What is lost in this mudslinging is that much of what PAEs do
is laudable — paying inventors. Patents don't grow on trees. Someone came up
with the invention and incurred considerable expense to obtain the patent. Many
inventors can't bring their invention to market themselves, however, so selling
the patent may be the only way for them to make money. By buying these patents,
PAEs compensate inventors, one of patent law's objectives.
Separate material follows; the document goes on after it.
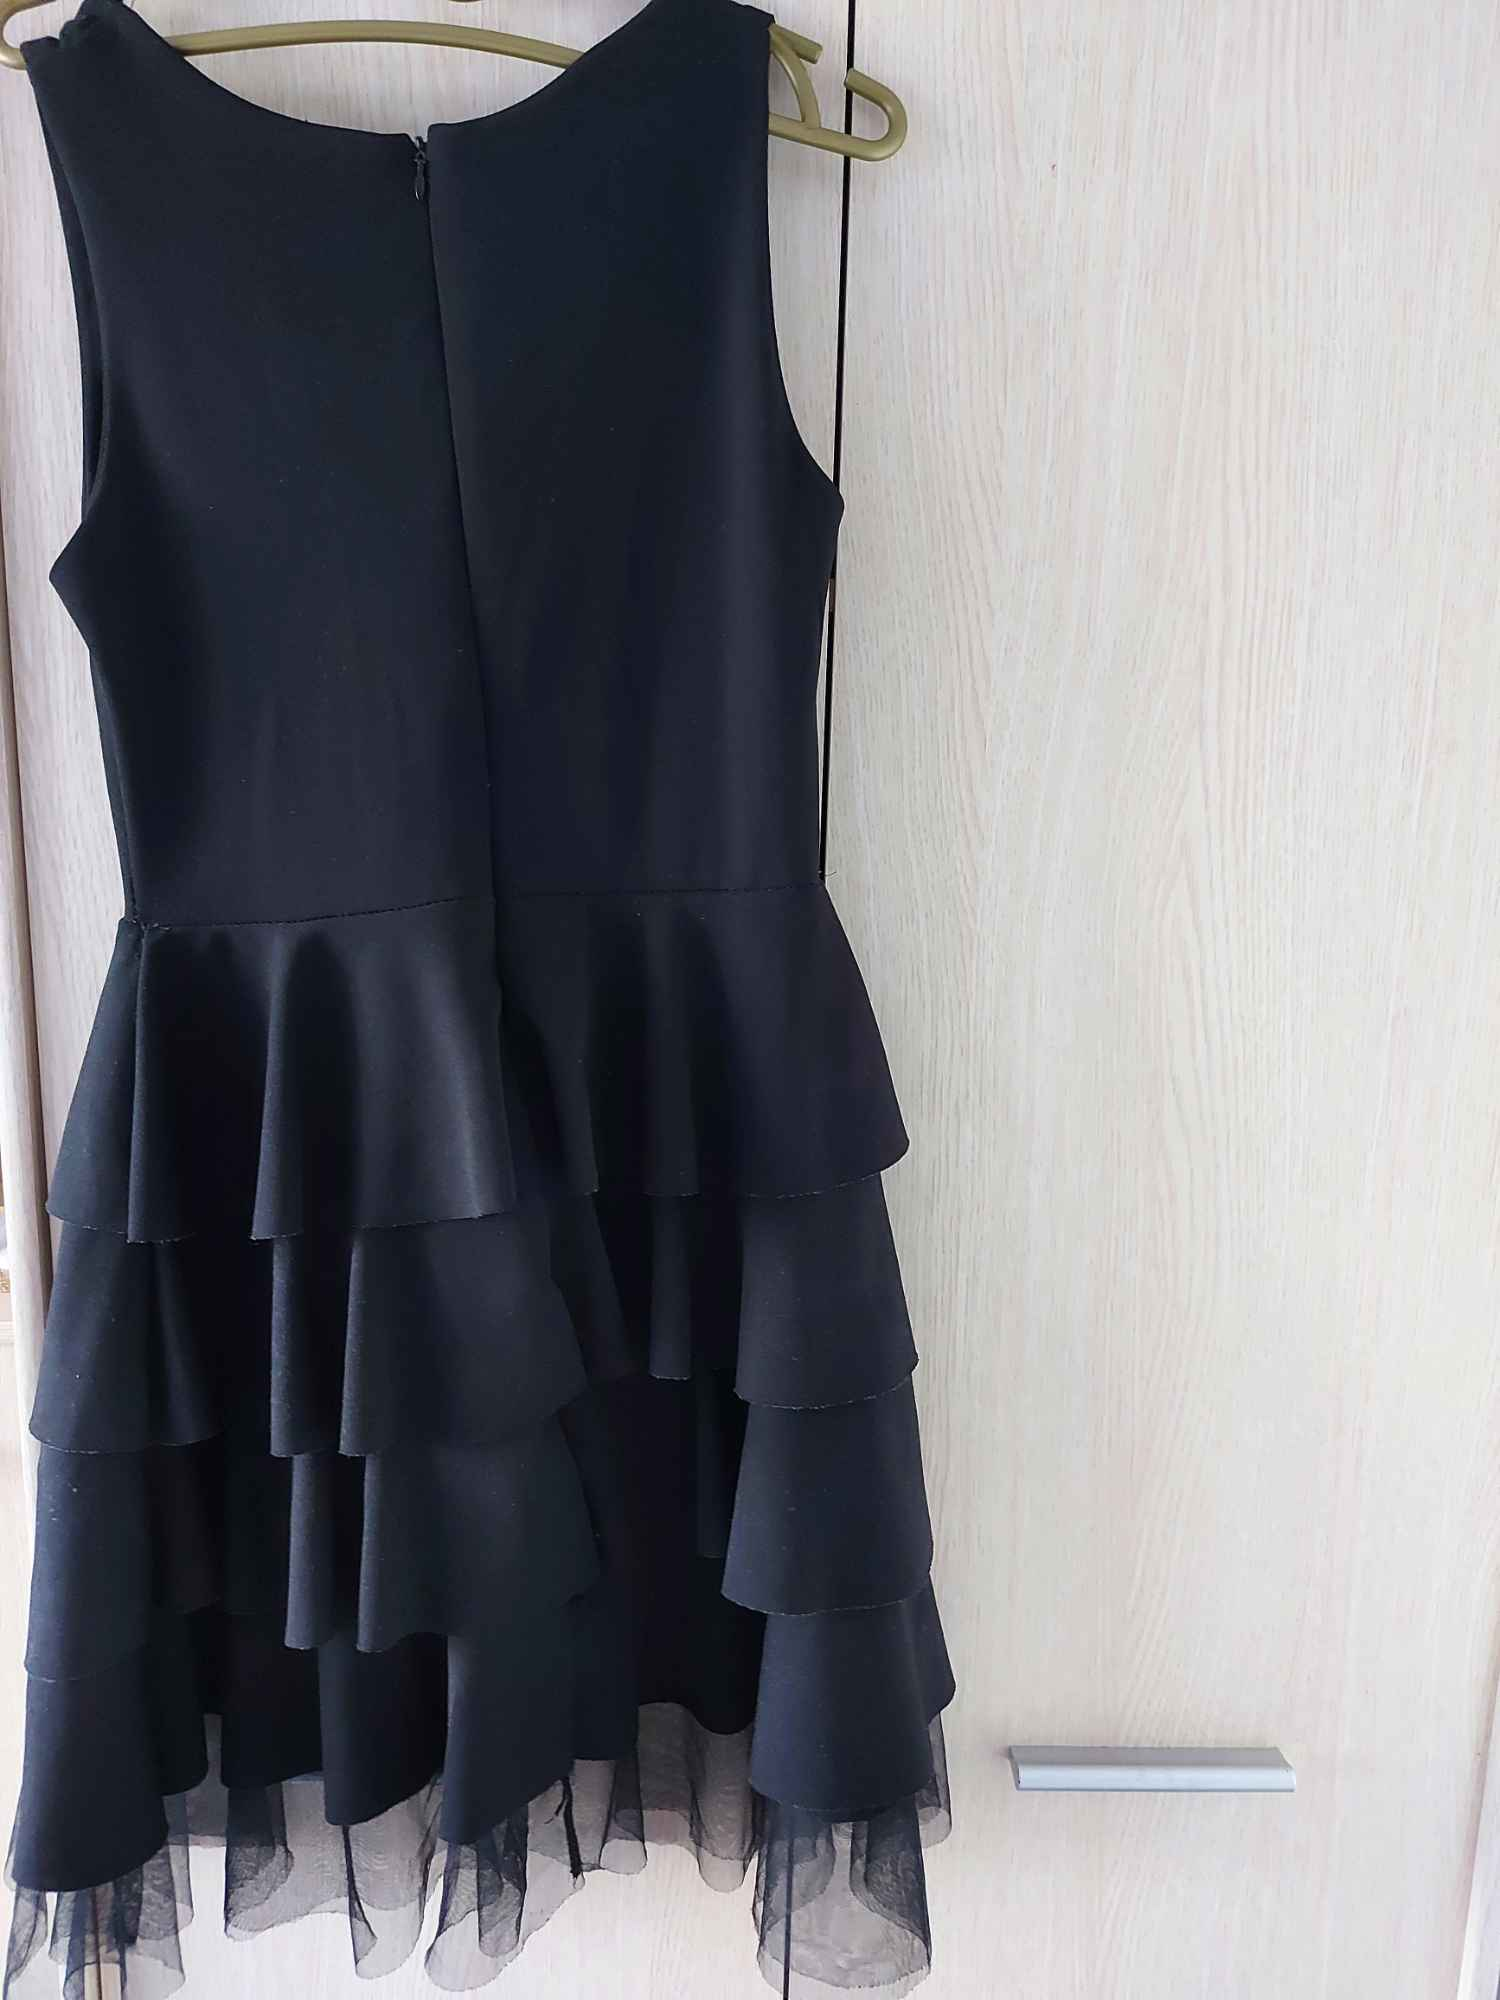 Sukienka czarna Żuromin - zdjęcie 2

Patents give their owners the right to seek compensation for
unauthorized uses of the invention, so there is nothing wrong with a PAE
enforcing a valid patent.
The key word, though, is valid. Problems arise when PAEs sue
on improperly issued patents, ones that never should have gotten out of the US
Patent and Trademark Office.
For example, many patents on software and business methods --
areas where PAEs often operate -- are not sufficiently different from earlier
technology to justify the patent, or are too vague to discern what they
legitimately cover. Even though companies can knock these patents out in court,
most parties settle. But, if they aren't legitimate patents, why do parties
settle? Simple: to avoid the expense.
According to a 2013 American Intellectual Property Law
Association survey, median litigation costs are $3.3 million when $10 million
to $25 million is at stake. Discovery -- the process of looking for evidence
relevant to the case --is responsible for much of the expense. Defendants must
wade through voluminous records and e-mails to find anything relevant to the
case. For a case worth $10 million to $25 million, the survey estimates that
the median cost through discovery in defending a PAE suit is $1.5 million.
A PAE doesn't face these expenses. Discovery is easy for it
because all it has is the patent. Plus, its lawyers usually take these cases on
contingency, taking a percentage of whatever money they bring in, so there are
no upfront attorney costs. When manufacturing companies face these costs, many
simply settle, leaving the invalid patent in place.
But these are not troll problems; they are litigation and
patent quality issues. Scapegoating trolls risks disrupting the useful
compensatory purpose they serve and may cause unintended consequences in
non-troll litigation.
Professor Holbrook is not
supportive of some of the legislative proposals; however, he does seem to think
the President’s recent executive actions are solid. Do you agree?